Творчество немецкого художника Герхарда Рихтера. Идеи. Алхимия краски: цвет и фактура. От портрета и пейзажа к абстракции, страница 5

Однако Рихтер все же не называет себя фотографом, но всегда – художником именно в значении живописца, страстно увлеченного своим делом. Часто употребляя по отношению к себе слово «художник» в подчеркнуто узком значении, Рихтер тем самым обнаруживает свою глубокую связь с традиционной, «классической» культурой, ведя полемику со многими тенденциями современного искусства. В частности, неприятие Рихтера вызывал минимализм, который он называл «оловянным» искусством, имея в виду не только частое обращение художников к металлу как материалу для создания произведений, но и, по-видимому, тяготение минимализма к безупречной формальной чистоте, которая нередко оборачивалась абсолютным выхолащиванием и формы, и смысла. Обратная крайность, проявлявшаяся, например, в искусстве «Новых диких» с его подчас надрывной экспрессией, так же не вызывала сочувствия у Рихтера, всегда стремившегося, по его словам, найти некий «третий путь», середину между полюсами.

Важно, что основой для выстраиваемой художником системы ценностей, которая определяла направление его творческих поисков, стало классическое искусство и, прежде всего, наследие Тициана, Вермеера, Фридриха. «Классическое – это то, что собирает меня воедино. Придает мне форму… Это то, что усмиряет хаос во мне… и позволяет существовать дальше…Оно необходимо для жизни»[25]. Размышляя о значении классического наследия для современного художника, Рихтер пишет в «Заметках»: «Традиционное, так называемое старое искусство в действительности современно… Существование произведений прошлых эпох, постоянное соприкосновение с ними побуждает нас создавать нечто иное, новое, при этом оно не должно быть лучше или хуже: от него требуется быть другим, поскольку «Изенгеймский алтарь» уже создан…Однако это не означает, что бессмысленно создавать нечто похожее на традиционное искусство. Важно, что, чем лучше мы знаем «старое» искусство, тем ответственнее по отношению к нему мы становимся, тем лучше способны создать равно что-то близкое ему и совсем не похожее на него»[26].

Одним из способов, позволившим художнику не только на практике обратиться к принципам классического искусства, индивидуально осмыслив их, но и провести, вместе с тем, глубокий анализ того, каким образом возможно и возможно ли вообще эффективное, актуальное взаимодействие с традицией в русле современного искусства, стало обращение Рихтера к традиционным живописным жанрам.
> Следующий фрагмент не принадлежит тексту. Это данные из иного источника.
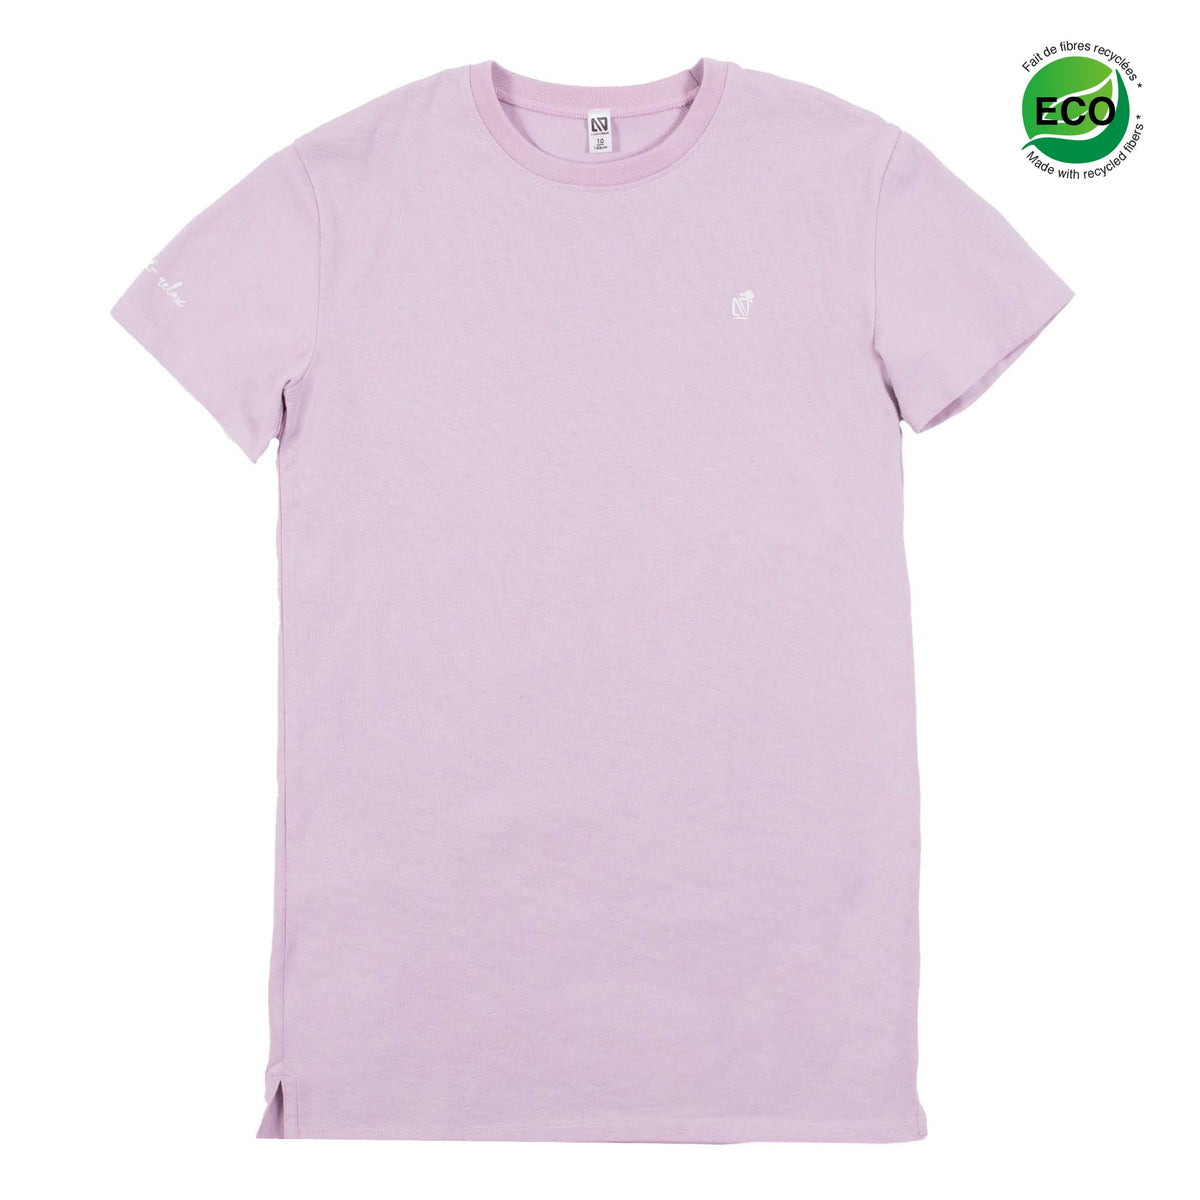 Robe T-shirt pour enfant fille par Nanö | S22L50-10 Rose Pâle | Boutique Flos, vêtements pour bébés et enfants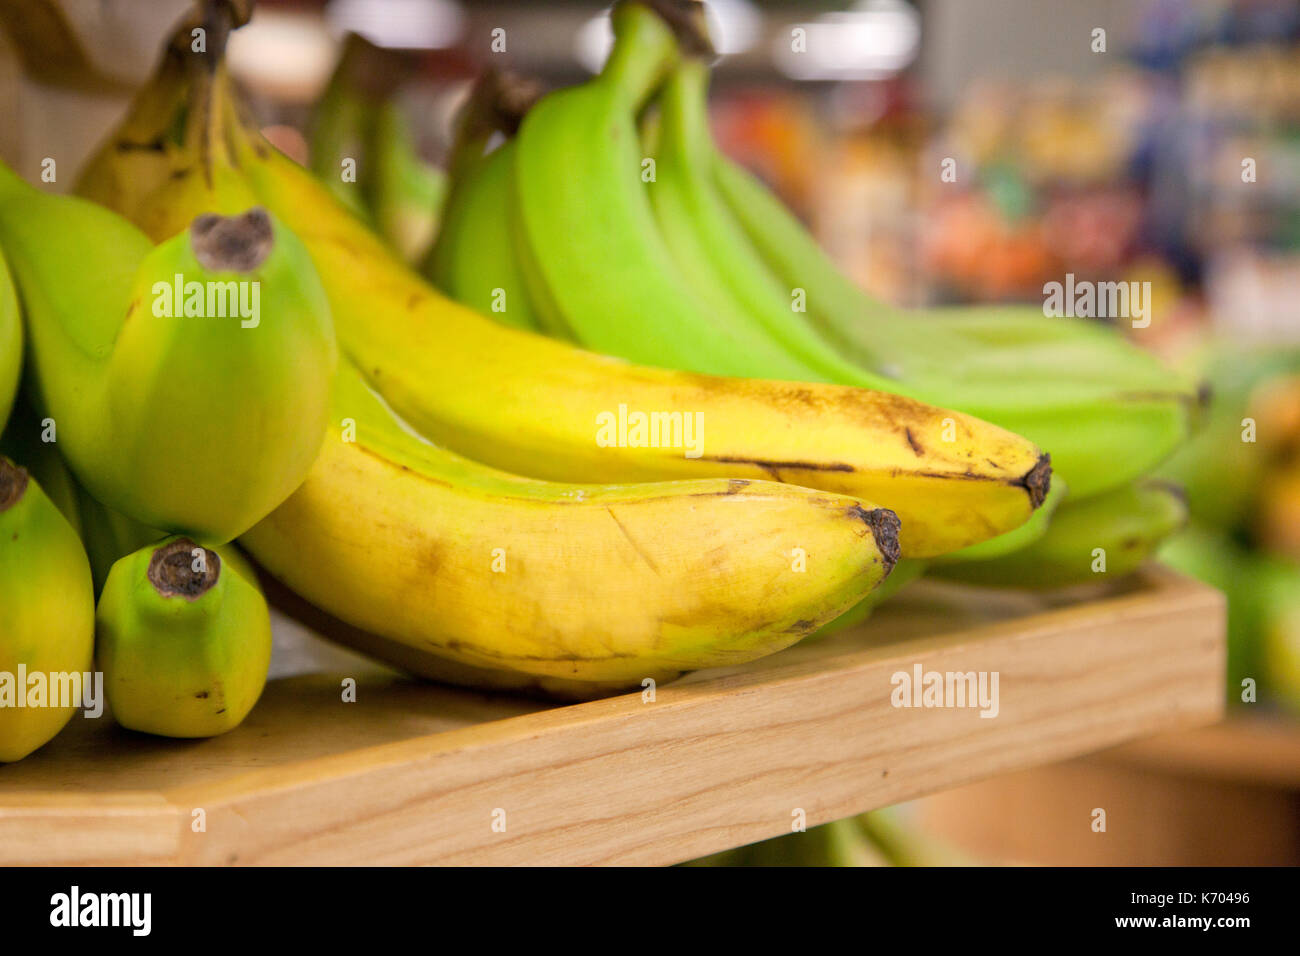 Los racimos de plátanos verdes y amarillos imperfecto, en un almacén en una estantería Foto de stock

Так, помимо портрета, важное место в творчестве мастера занимают пейзаж и натюрморт. Кроме того, особое значение имеет цикл «18 октября 1977», проблематизирующий жанр исторической картины.

Пробудившийся в конце 1960х годов интерес к пейзажу Рихтер объясняет, в частности, желанием транслировать более «универсальное содержание», чем то, с которым он сталкивался, работая с фотографиями из семейных альбомов, газет или рекламы, переводя их на холст. Нетрудно, при этом, заметить очевидные параллели между его пейзажами и произведениями Каспара Давида Фридриха, которые Рихтер не отрицает, равно как и присутствие сущностных различий между ними. «То, чего мне не хватает», – пишет художник, «это духовный фундамент, на котором были основаны произведения романтиков. Мы утратили чувство Божественного присутствия в Природе. Для нас все – пустое. Но их полотна по-прежнему говорят нам нечто важное, мы продолжаем любить их, нуждаться в них»[27]. И если пейзажи XIX века выражали нечто подлинное, цельное, проявлявшееся в еще не утраченной связи человека и вселенной, какой бы противоречивой порой эта связь ни была, то пейзажи Рихтера, по признанию мастера, обнажали совсем иное понимание бытия природы и человека. «Мои пейзажи не являются только лишь прекрасными картинами, воспроизводящими, как кажется, ностальгические образы «потерянного рая». Прежде всего, они «обманчивы», даже если мне не всегда удается точно выразить это. И под «обманчивостью», я подразумеваю ту восторженность, с которой мы смотрим на природу, в то время как она враждебна нам во всех ее формах, поскольку лишена смысла, лишена милосердия и сострадания. Природа не знает абсолютно ничего, в ней отсутствует сознание и дух, – а все это совершенно противоположно нашей сущности, это анти-человечно»[28].